CLAM voted against management in accordance with ISS advice and the principles set out in its voting policy.

Equity engagement example: Amedisys - Escalation

Amedisys, a healthcare company listed in the US, in various portfolios including the Global Equity Fund. It’s a company that provides a range of solutions, including home health, hospice, and personal care support to patients to live later life at home. On 3 May 2023, the company received a takeover offer from Option Care Health which was to be 100% financed by the acquirer’s stock. Management proposed to support the bid.

CLAM’s review of the transaction details led to concerns surrounding the timing of the transaction and the valuation of Amedisys. Amedisys’ share price had been under pressure reflecting, in part, distortions relating to the pandemic. Those concerns were exacerbated by the fall in valuation of Option Care Health (of circa 15%) upon announcement.

CLAM communicated its concerns formally in writing to the company, making clear to them CLAM’s voting intentions. CLAM set out its concerns, requested some supplementary information and made it clear that they did not support the transaction in its current form. This method was selected for its immediacy. This escalated to an in-person meeting with the management team. CLAM reiterated its position and explained that should this proceed to a vote, CLAM would not be supportive, clearly signalling its voting intention, which can be an escalation itself.

The transaction did not go ahead. On 26 June 2023, Amedisys announced that it had received an all cash takeover offer (at $101 per share) from United Health. The stock was trading at $75-$80 in the days preceding the offer but traded at closer to $90 following the announcement. 

Fixed Income & Real Estate

While equity managers may have more direct influence on the companies they invest in, fixed income managers are also increasingly influential in their ability to encourage positive change. CLAM is a signatory to the UK Money Market Code.

The Trustee recognises that the investment processes of alternative investments such as real estate mean that stewardship may be less applicable or have a less tangible financial benefit. Nonetheless, the Trustee still expects that, in line with the SIP for the relevant period, portfolio managers within the arrangement should engage with external parties should they identify concerns that may be material.

CLAM believe that attention to ESG in the management of real estate reduces project risk, builds social support and generates value. Such risks are assessed through their environmental management system (EMS) which has been established and aligned to the internationally recognised standard.
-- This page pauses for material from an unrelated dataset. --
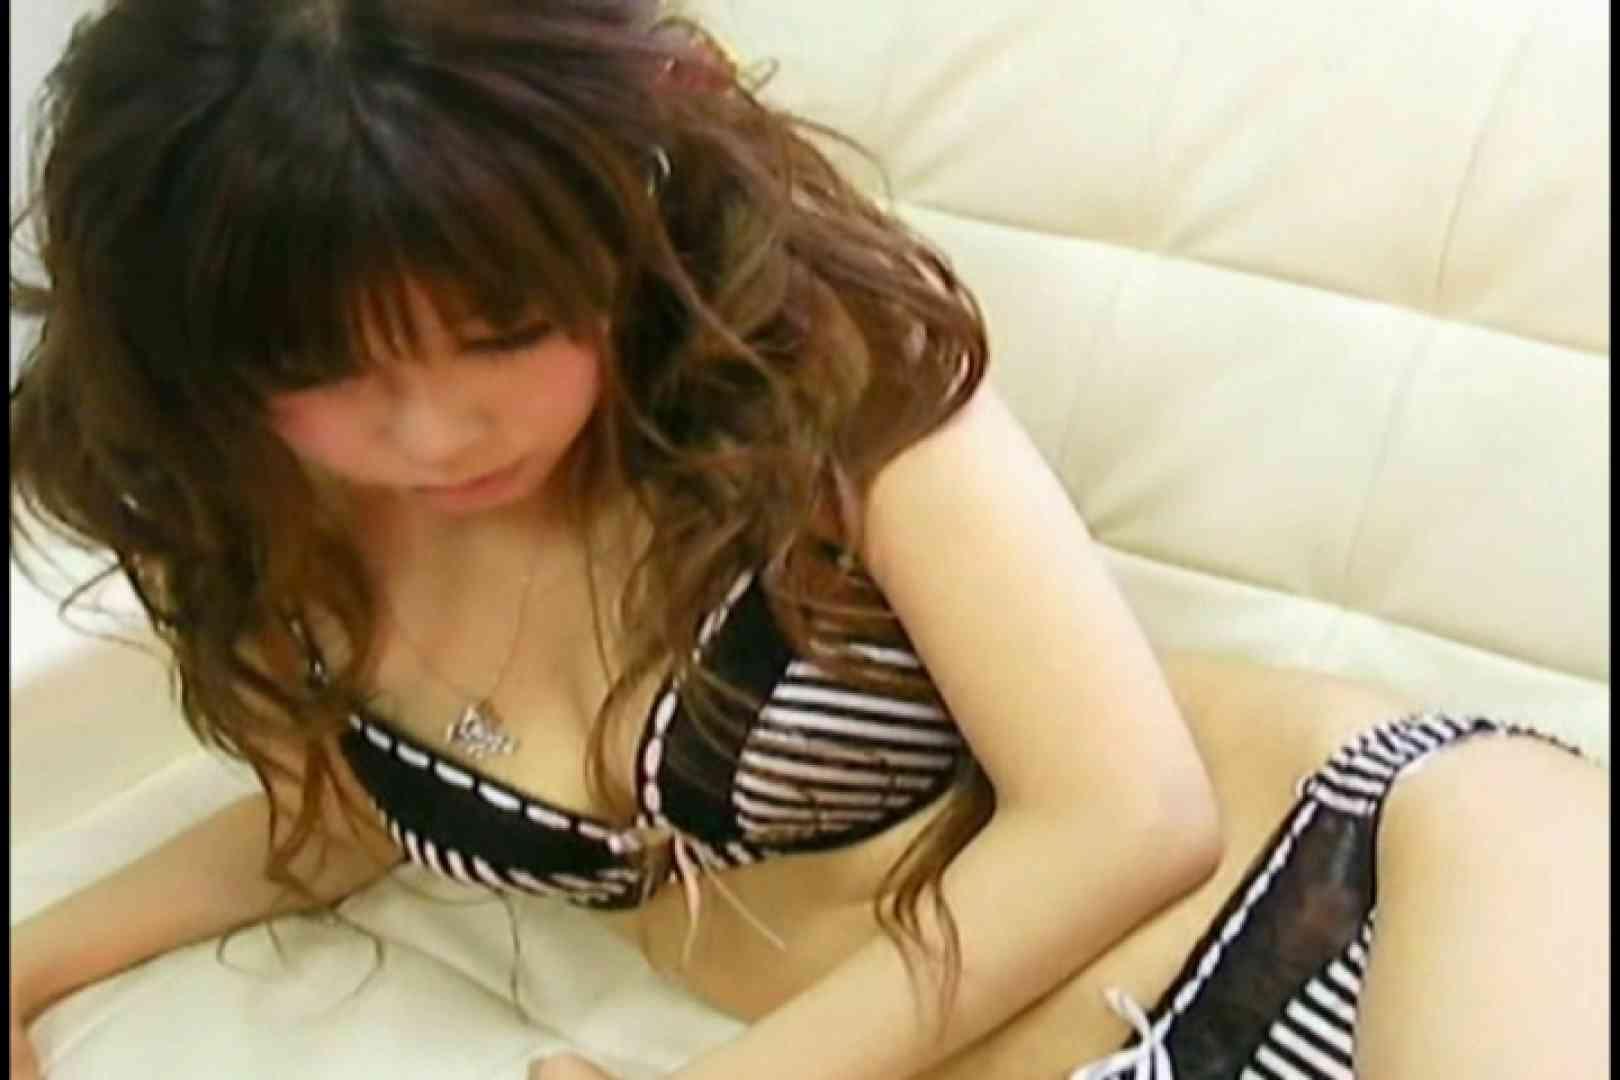 素人撮影 下着だけの撮影のはずが・・・まゆ20歳 盗撮 セックス無修正動画無料 23連発 11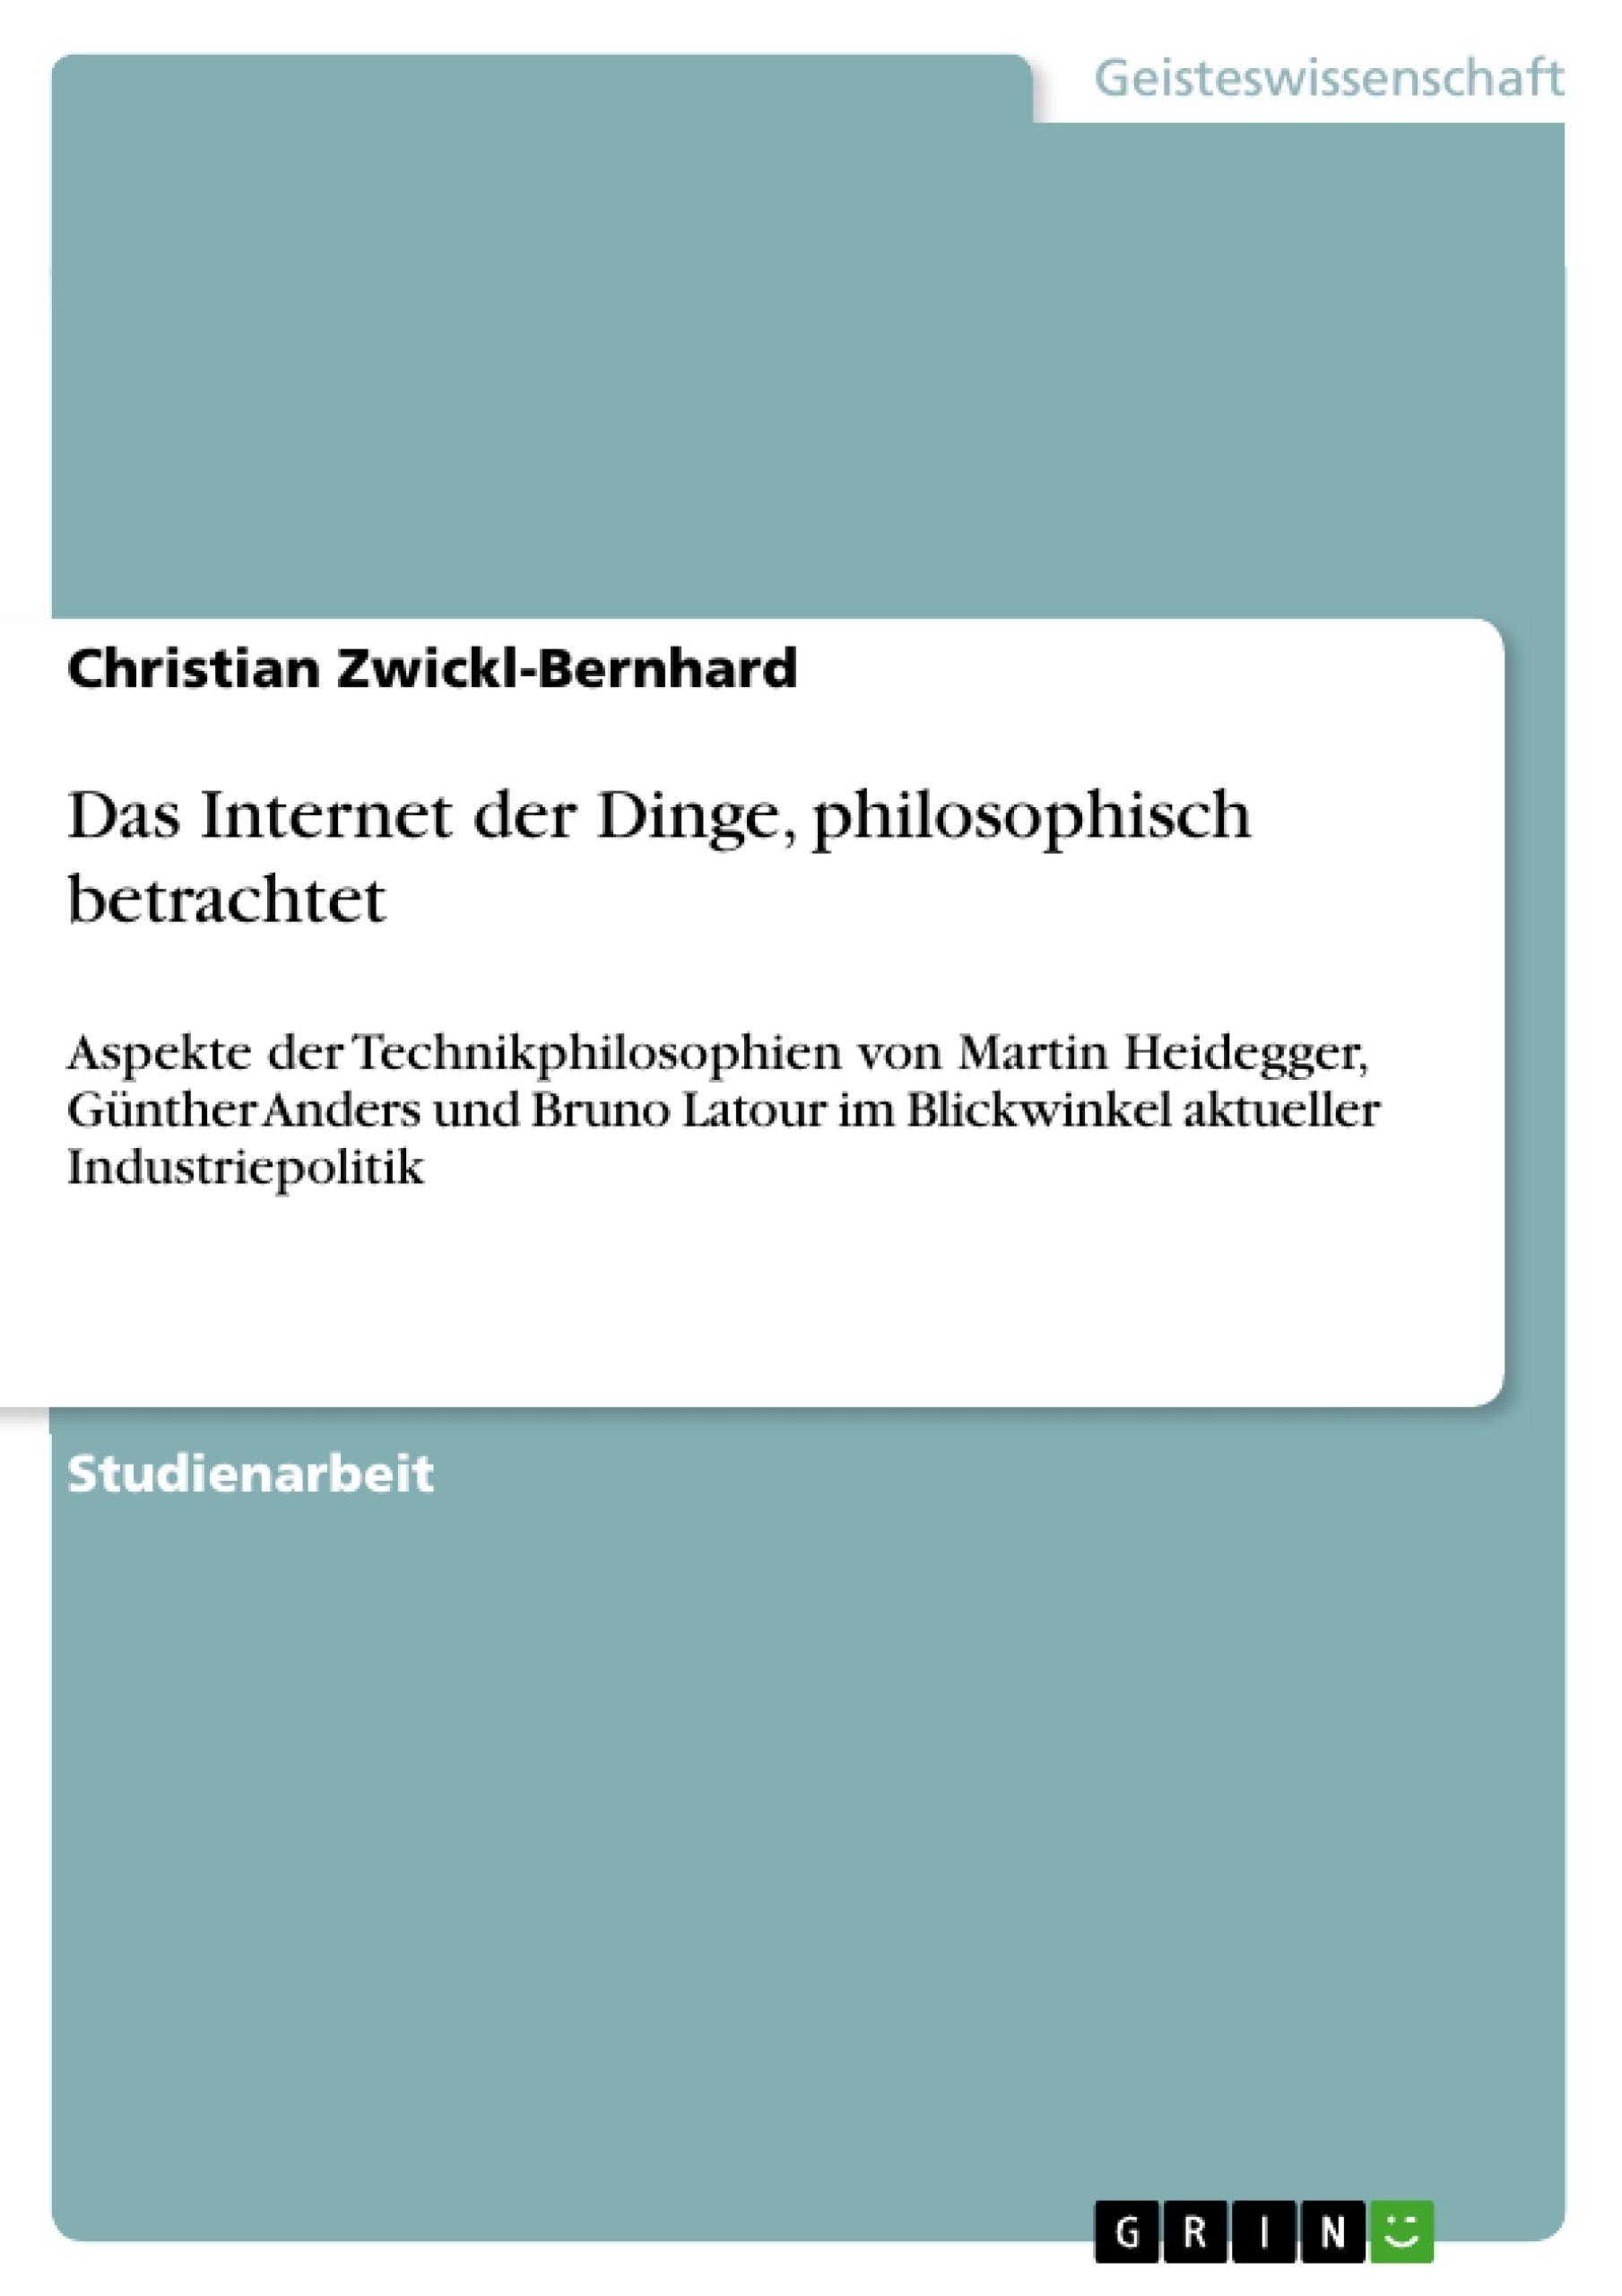 Titel: Das Internet der Dinge, philosophisch betrachtet

It assists in the development and continual improvement of environmental performance to the benefit of the business, stakeholders and the wider society.

For the real estate portfolio, CLAM employ a specialist environmental consultant who supported preparing and publishing a detailed Real Estate ESG Policy. Specific detailed engagement case studies were not provided by the manager in relation to fixed income and property, though CLAM publicly disclose quarterly engagement summaries at a firm level, as noted above, and the investment manager confirmed that the themes raised with investee companies are addressed in manager meetings across fixed income and real estate (where applicable).

In Summary

Based on the activity over the year by the Trustee and its service providers, the Trustee is of the opinion that the stewardship policy was implemented effectively in practice.

The Trustee notes that the investment manager was able to disclose evidence of voting and engagement activity at a firm level.

The Trustee, along with its investment consultant, has developed a separate Responsible Investment Policy which covers all aspects of Responsible Investment including Stewardship. This policy goes into greater detail than the Stewardship Policy in the SIP.

The Trustee acknowledges that stewardship may be less applicable to certain asset classes and were encouraged that across asset classes, portfolio managers were incorporating responsible investment and ESG considerations in their investment processes.